Scott believes that at the end of the day, it all comes down to leadership – how you lead your life, how you choose to conduct your business, and how you deal with the public. 

“You don’t have to be the smartest person, but you should have the smartest person in your organization. I have very strong leaders running our hockey organization because we wanted a championship. We’ve got a senior executive running McCain Foods who is one of the best in the world. He’s young, speaks several languages, and is a very experienced leader,” explained Scott.

While not one to rehash the past, Scott believes the family lawsuit paved the way for changes that have strengthened the company. 
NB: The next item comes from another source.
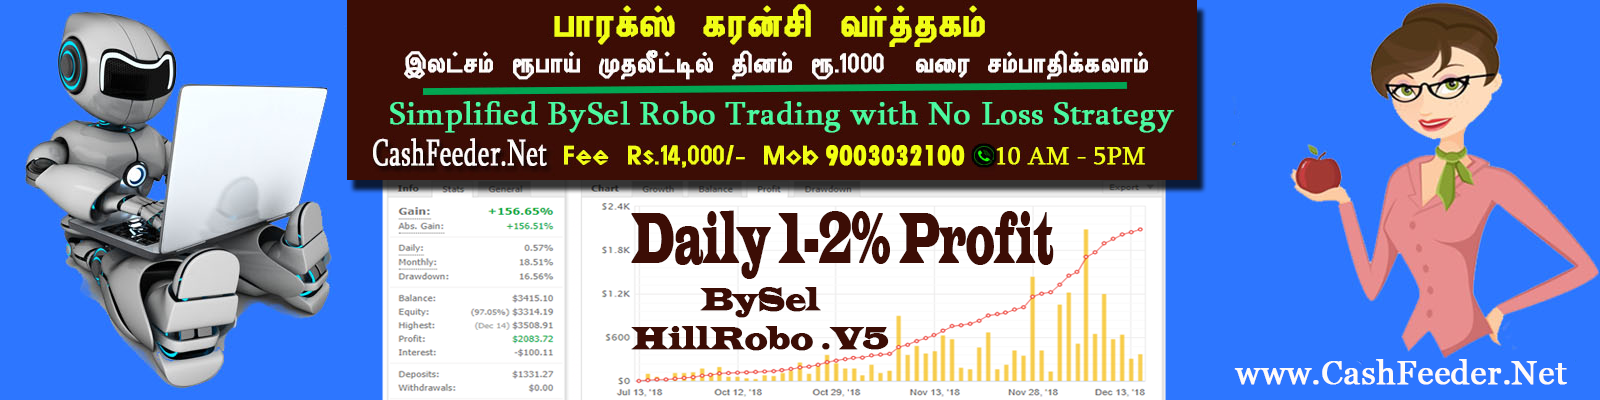 Forex trading training in tamil
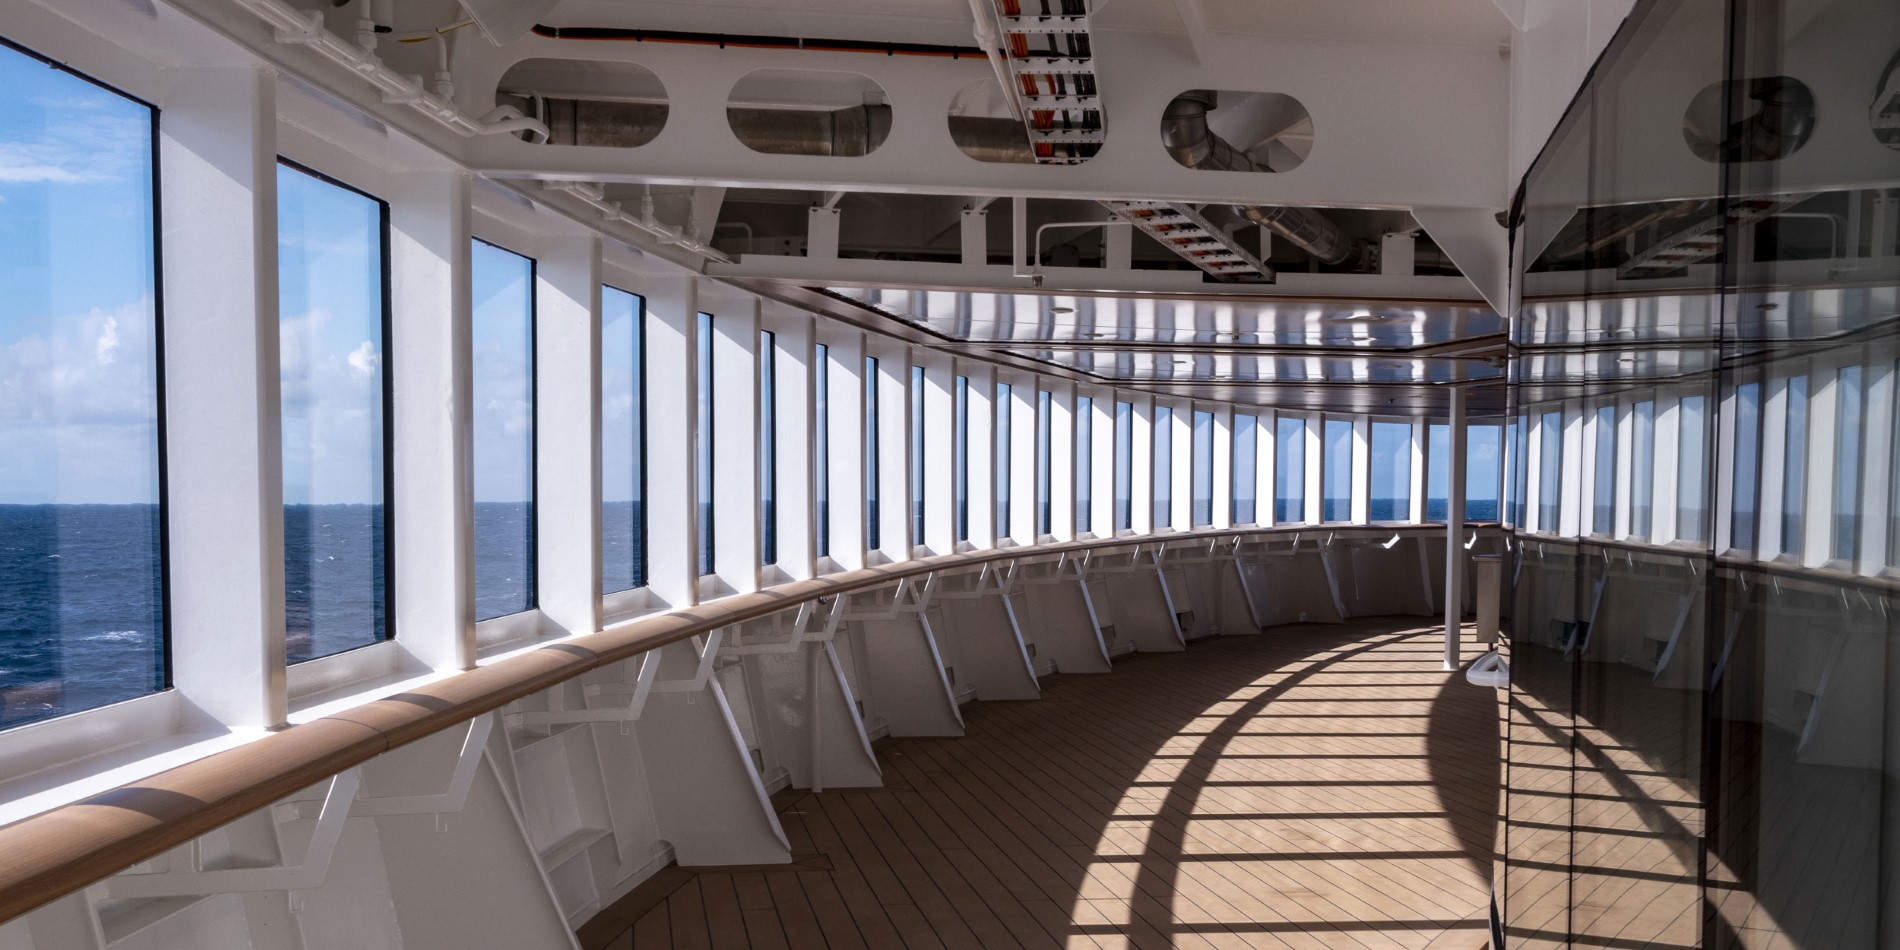 Deck that goes around the ship, windows on the left side.

“We learned that what we went through, those challenges, are the same that other families in business go through,” Scott said. “Do you know what the most interesting thing about all this is? Universities 25 years ago, even 35 years ago, didn’t teach anything about family enterprises or family dynamics related to business. You go to most business schools around the world today, and I guarantee you, you’ll be able to find courses and faculty members who are trained, educated and are teaching how to operate a family business successfully.”

Scott believes that while that public fight was divisive, it also forced his family to grow.

“We came through that, but it wasn’t easy. It took years, but we grew from it, and I believe we are a better company today because of it. There has been healing, too. It wasn’t pleasant, but we are all family. It took time, but we grew closer. We all realize that this is what’s most important here – what we’ve been given. We’ve been given a real legacy to build upon, a great opportunity for this family, a legacy left by four brothers that we will make better for the next generations to come.”